Abbie Howard Hunt Stuart (1840–1902) was an American suffragist and founder of the Woman's Club of Olympia.

Biography
Stuart née Hunt was born on October 28, 1840, in Boston, Massachusetts. She was a college graduate and married Robert Giffin Stuart (1825–1891) a Federal Land Commissioner in Olympia Washington Territory.  

Robert and Abbie owned a commercial building which housed retail stores including a grocery story and later on a Crombie's Drug Store. The commercial retail stores were in the ground floor while on the second floor it had studios and offices for the Women's Club before they had an official building. It was located at 550 Capitol Way S. 

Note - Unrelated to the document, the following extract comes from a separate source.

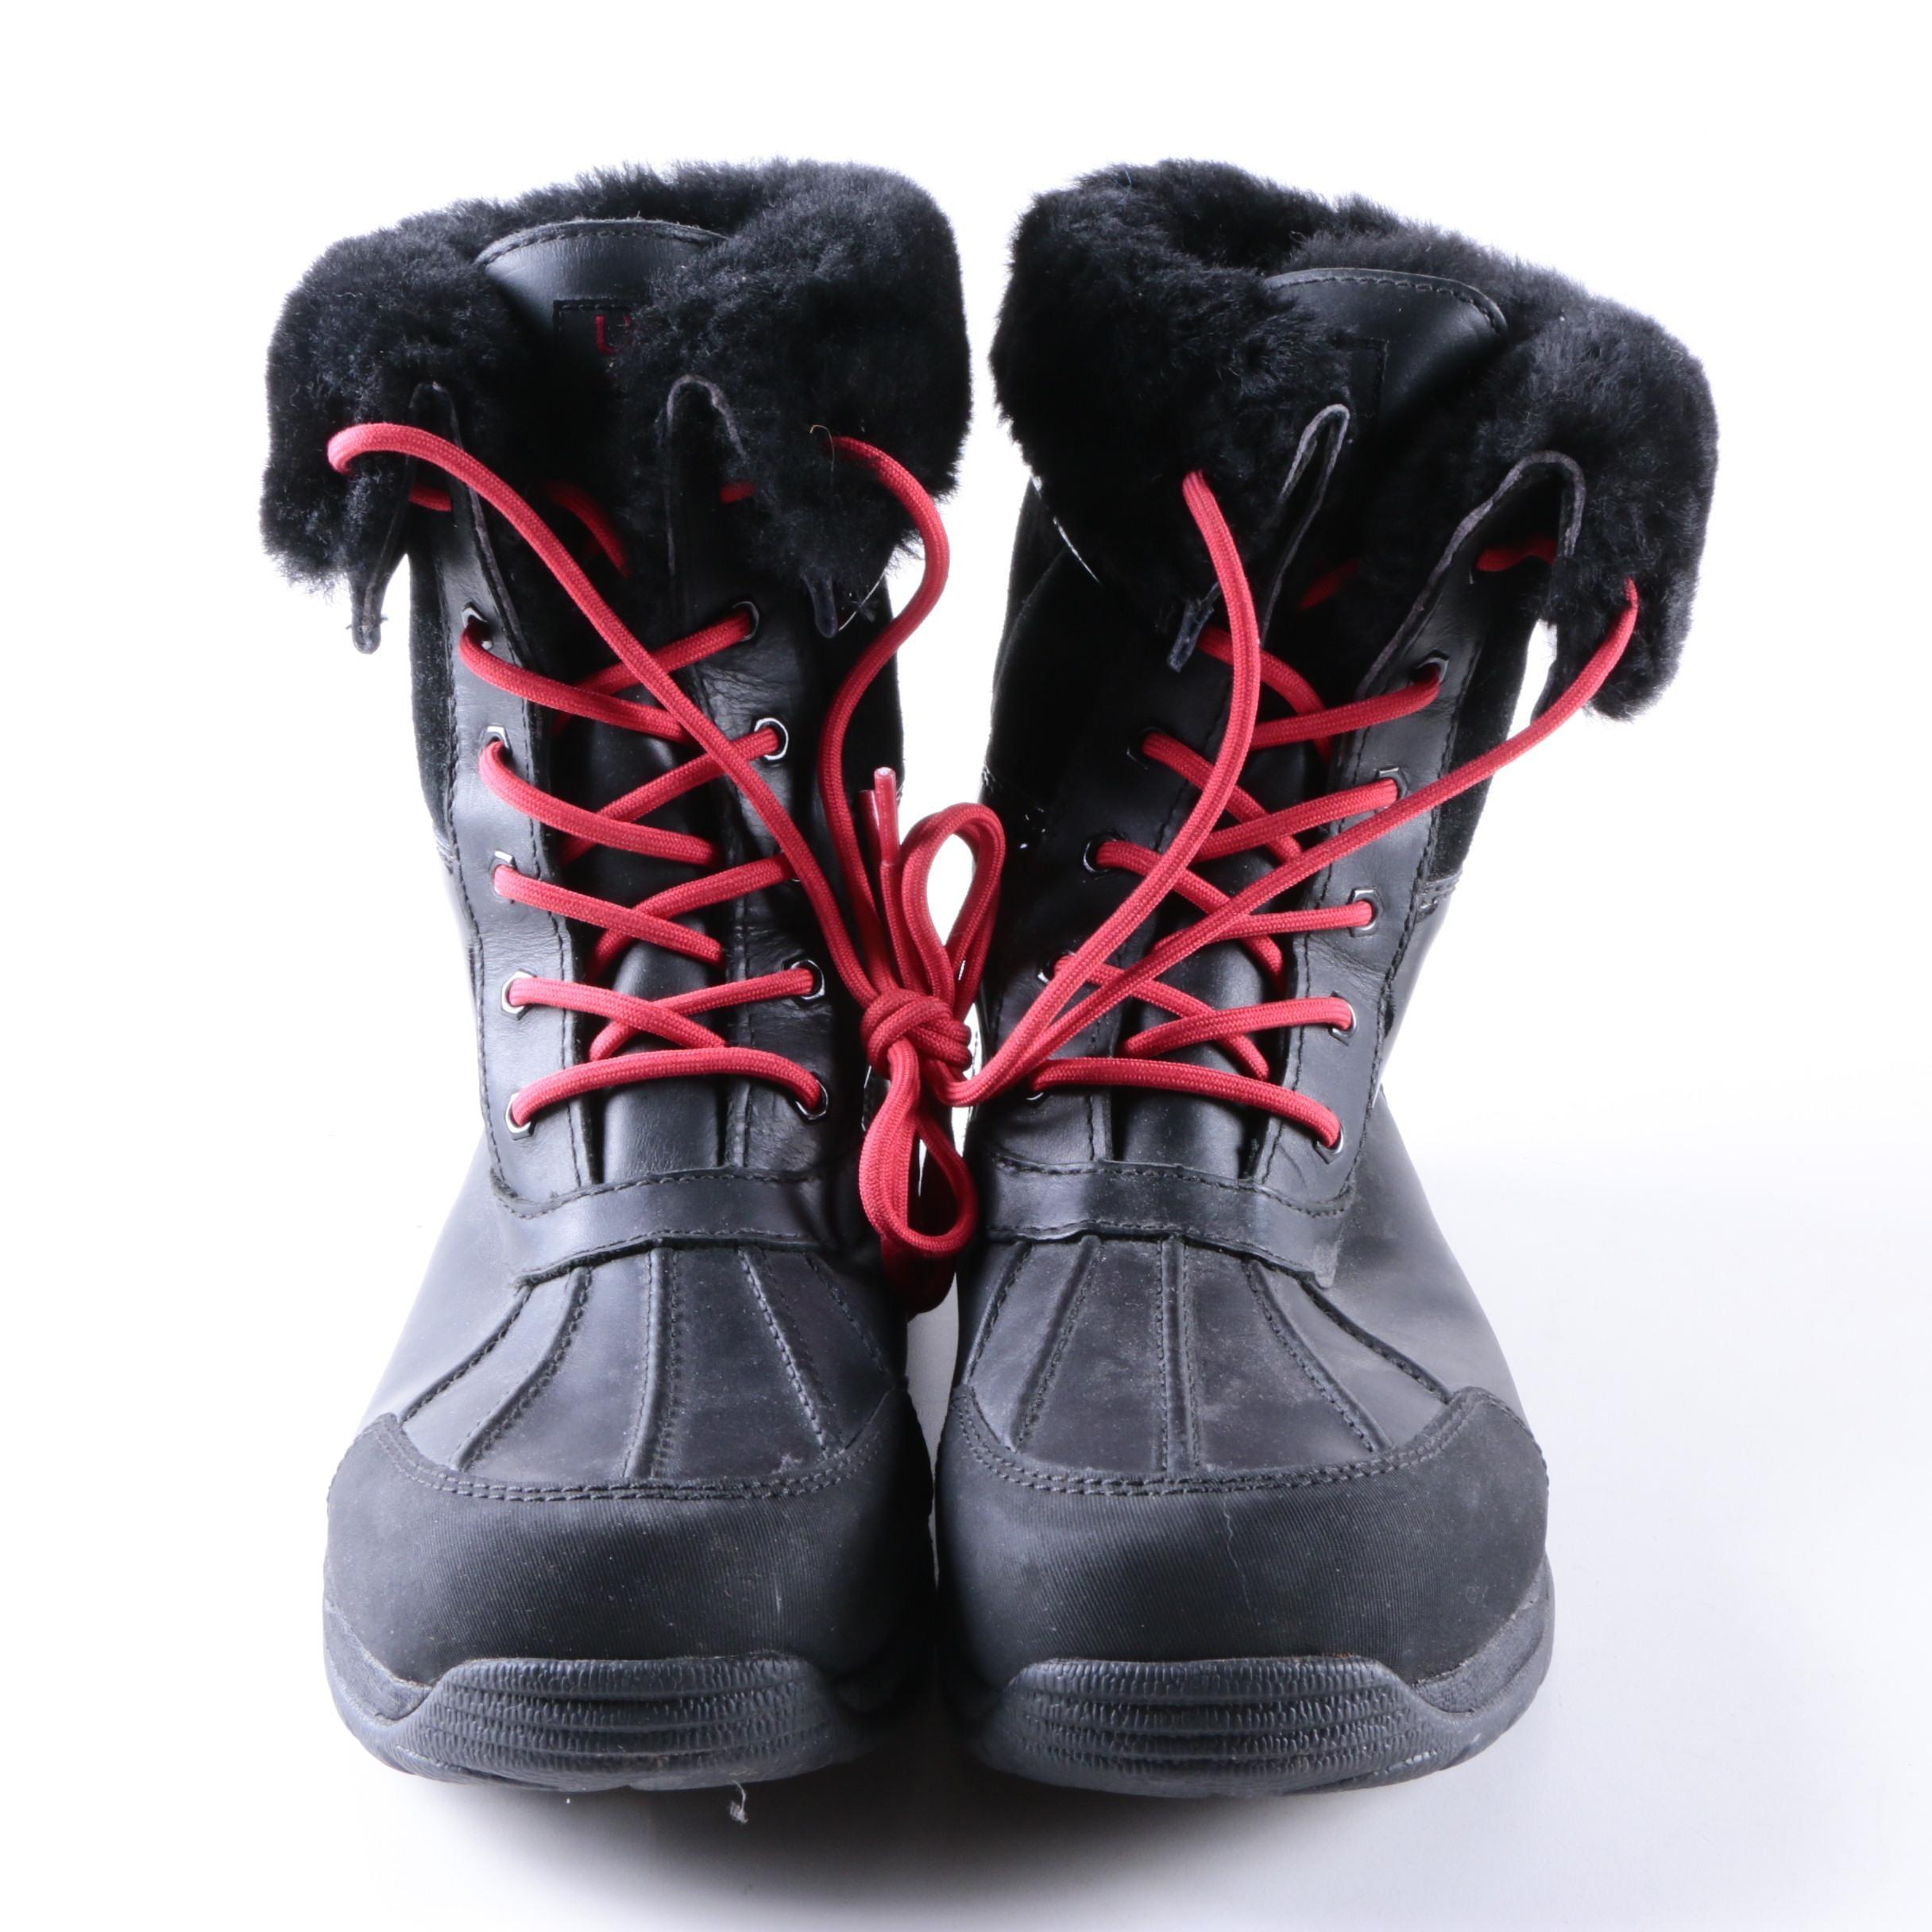 Women's Ugg Adirondack Snow Boots
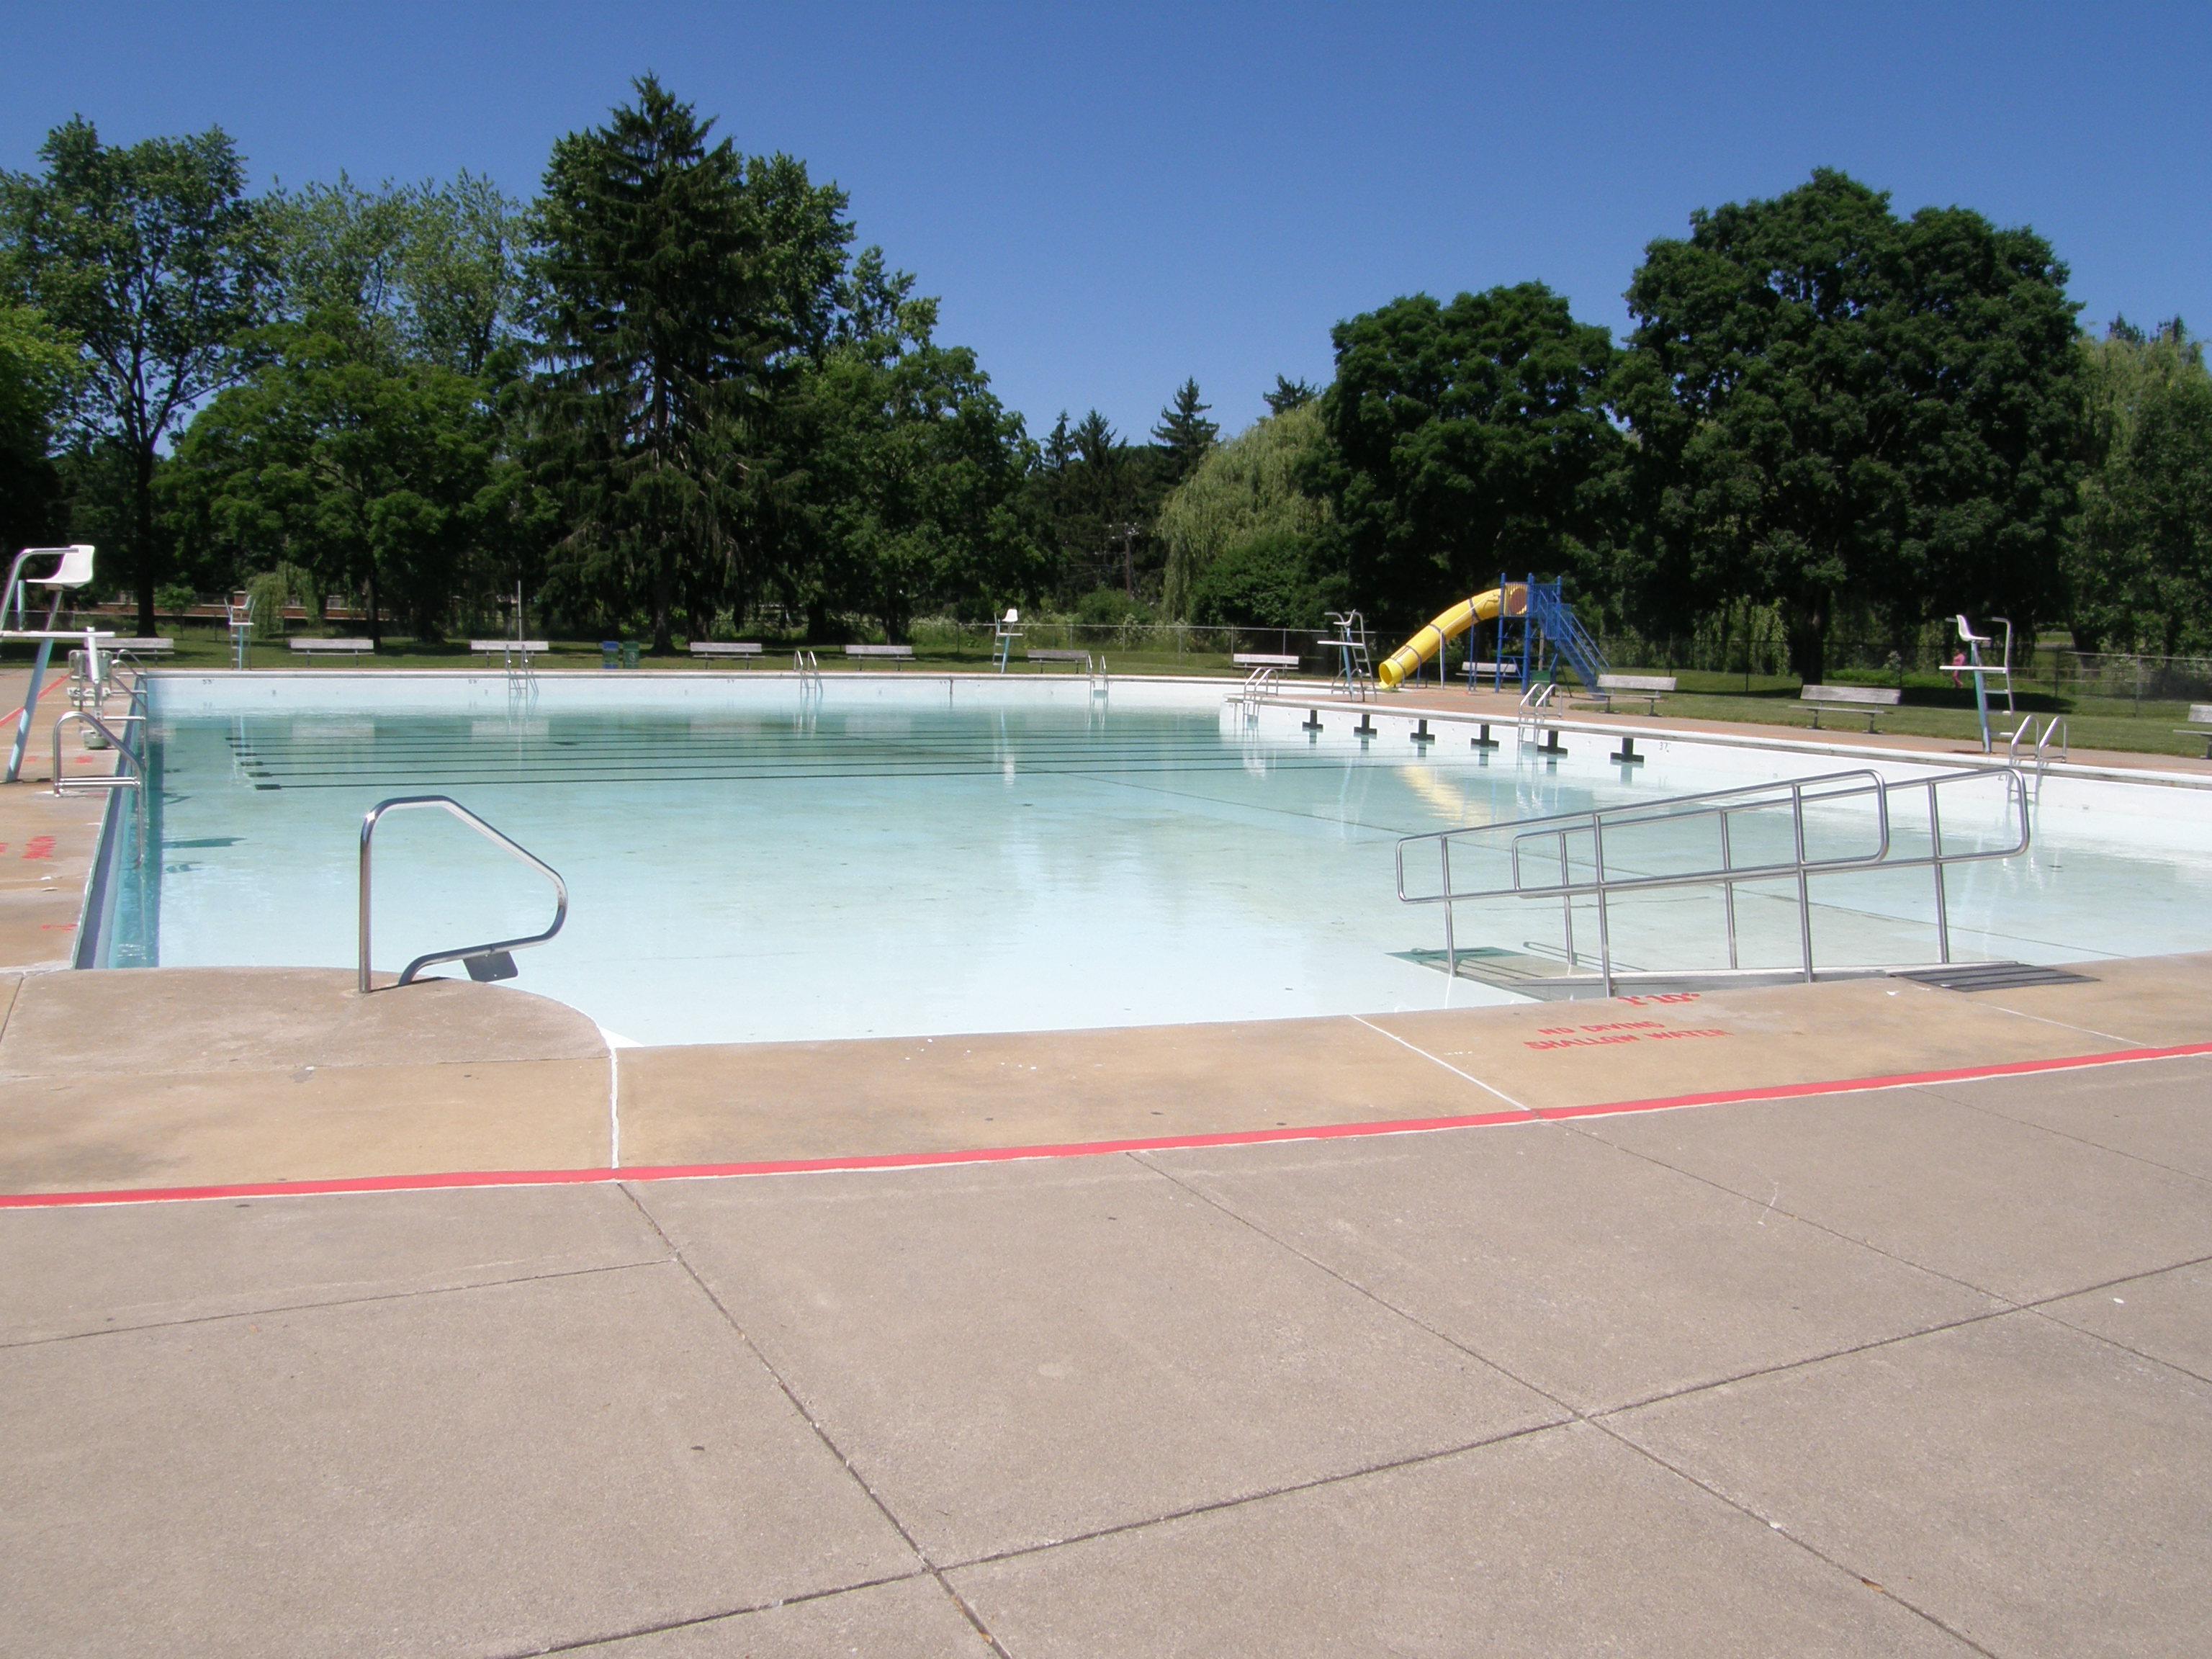 Cedar beach pool closed for repairs allentownpa gov - Cedar beach swimming pool allentown pa ...

Stuart was a co-founder and the first president of the Woman's Club of Olympia. Stewart was also president of the Women's Suffrage Association in Olympia.

Woman's Club of Olympia 

The club was founded on March 10, 1883, by Abbie Howard Hunt Stuart, Emily Olney French, Mary Olney Brown, Clara Sylvester, Ella Stork, and Janet Moore. Abbie donated land in which they established there permeant meetings in this building. The motto for this club was the "for study and mutual improvement of its members" .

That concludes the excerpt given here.